本人はそんなことをツッコまれているとも知らず、『あと10歩くらいで小さな段差があるからね』なんて注意を呼びかけてくる。
(まったく。どうしてあたしのお兄ちゃんはこんなに隙があるんだか……。そりゃ昔の遊斗兄ぃらしいから、悪いってことはないけど……)
どうしてもモヤモヤする。
隙がなかったら、こんな心配することはないのだから。
(体とか成長してるんだから、そんなところも成長してくれっての……)
段差で足を取られるふりをして、遊斗の太い腕にぎゅっとする。
電車に乗った時から同じ。これをするだけで身も心も落ち着いてしまうのだ。
(十数年前のことが影響してるのかね……これって)
当時、遊斗に構ってもらおうとする時はいつも腕を掴んで、独り占めしようとしていたのだ。
腕を掴んだまま眠ってしまった記憶だってある。
その名残があっても不思議じゃない。
(まあ……あたしの初恋だし、当然と言えば当然だけどさ)
修学旅行の恋バナだって、友達に教えたのは隣にいる男の人のこと。
そんな人だから、美結はもっと悪い女になってしまったのかもしれない。
「あのさ、遊斗兄ぃ。一つだけ謝らないといけないことがあるんだけど」
「な、なに?」
「今、北に向かって歩いてるじゃん?」
「そうだね」
「あたしの家、南側なんだよね」
「……え!? じゃあどんどん遠くなってるってこと!?」
「にひひ……本当ごめんね? もう少しだけ遊斗兄ぃと一緒にいたくってさ」
悪いことをしたのはわかっている。ちゃんと謝ろうとしたが、恥ずかしすぎて笑ってしまう。
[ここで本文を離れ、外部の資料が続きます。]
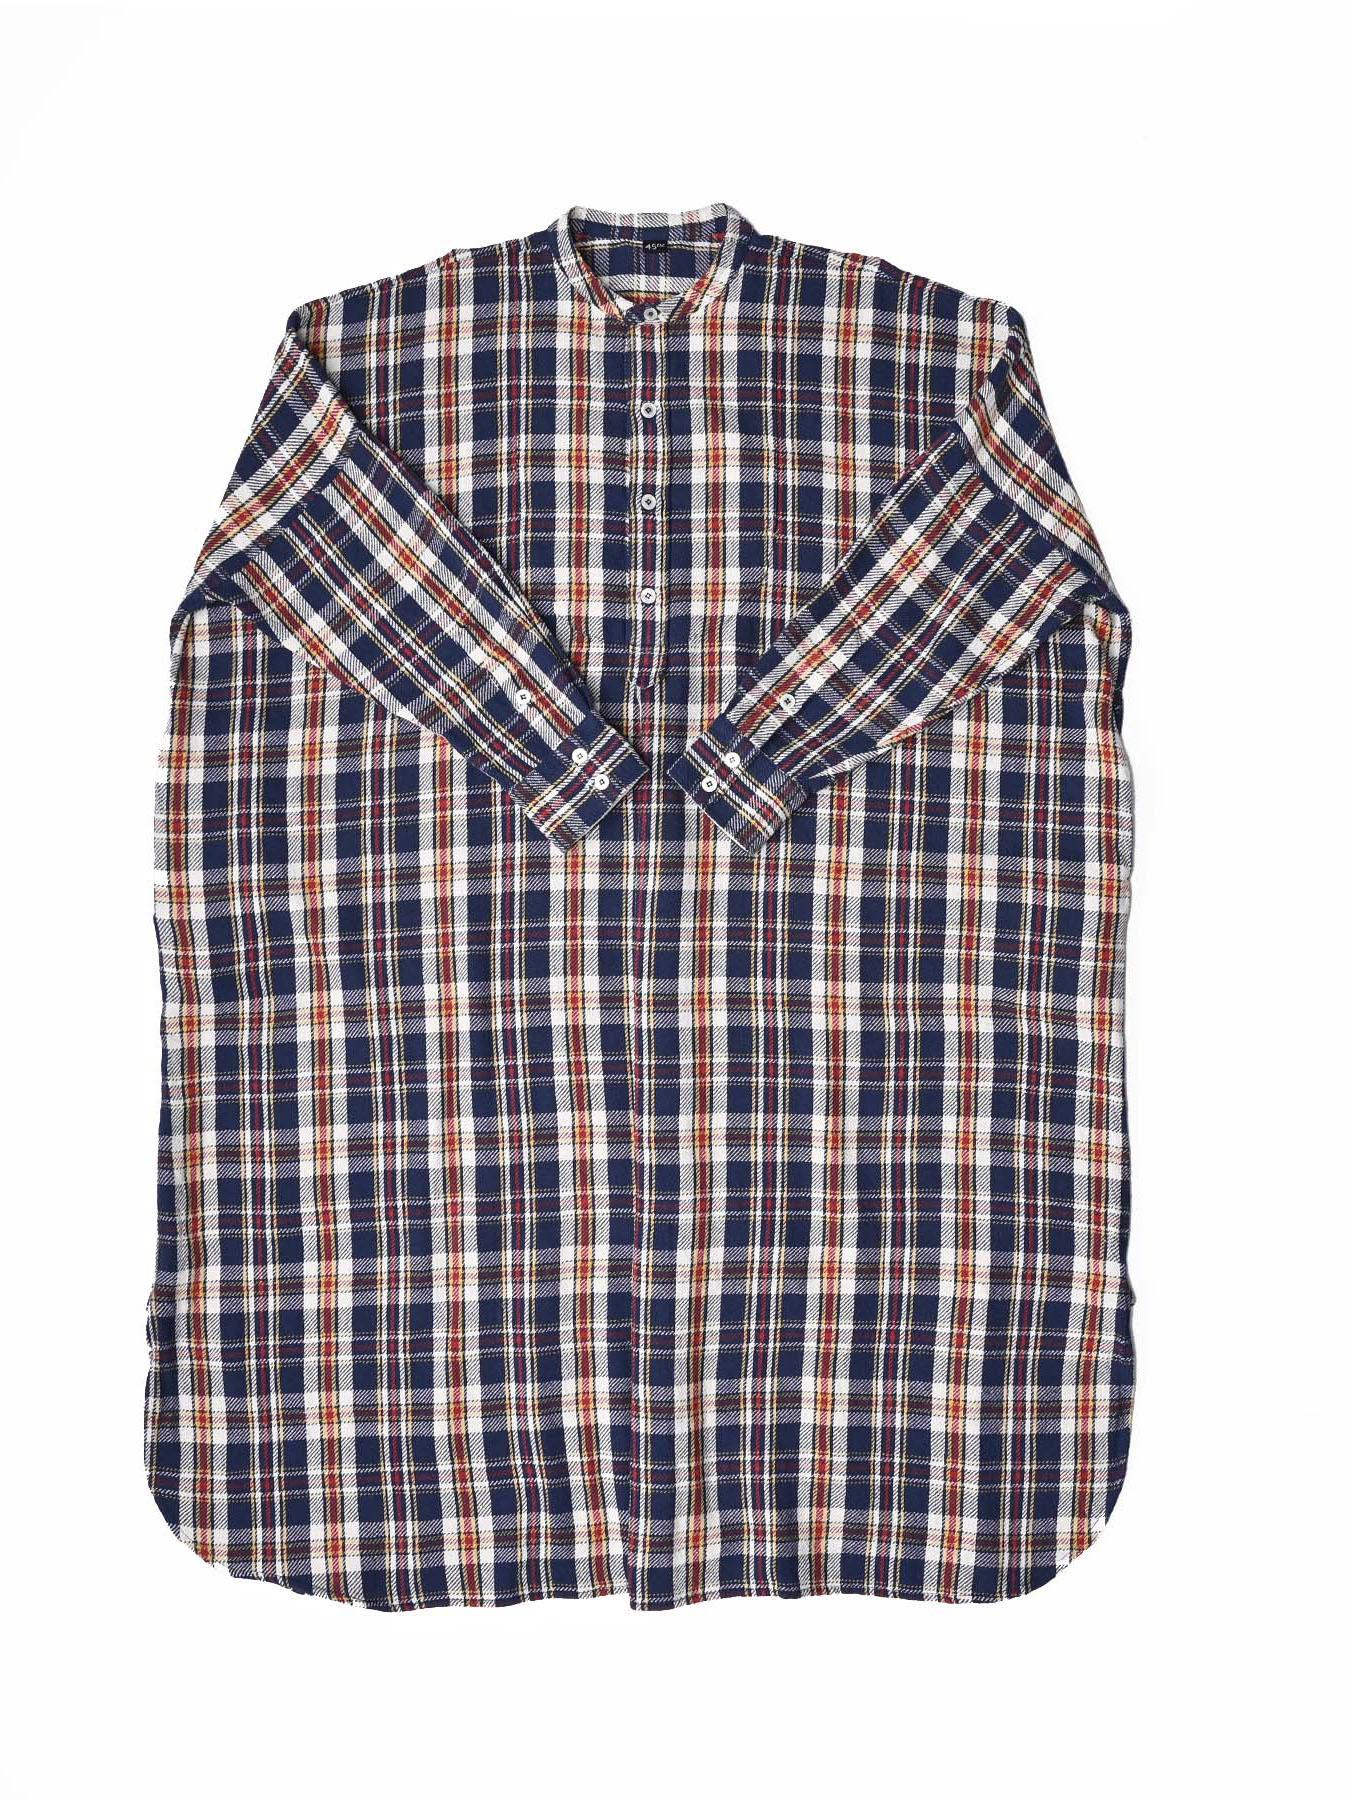 Indian Flannel Big Shirt-dress-1

ふざけてる、なんて思っても不思議じゃないところでこんな表情を作ってしまったが、遊斗はちゃんとわかってくれていた。
「……じゃあ、もう少しだけこのまま進もっか」
恥ずかしさが移っているのか、少し顔を背けながらこう言ったのだ。
「えっ……いいの?」
「嫌だったら嫌って言うよ」
「そ、そだよね。あ、ありがとね……マジで」
「こちらこそ……」
「い、いや……それは別に言わなくていいって……」
同じ気持ちだったと伝えてくれる。こんな人だからズルいのだ。
(今日のことは真白姉ぇと心々乃には秘密にしとこ……)
義兄に迷惑をかけたことで怒られてしまうから。そんな理由もある。
だが、一番の理由はもっと別のところにある美結だった。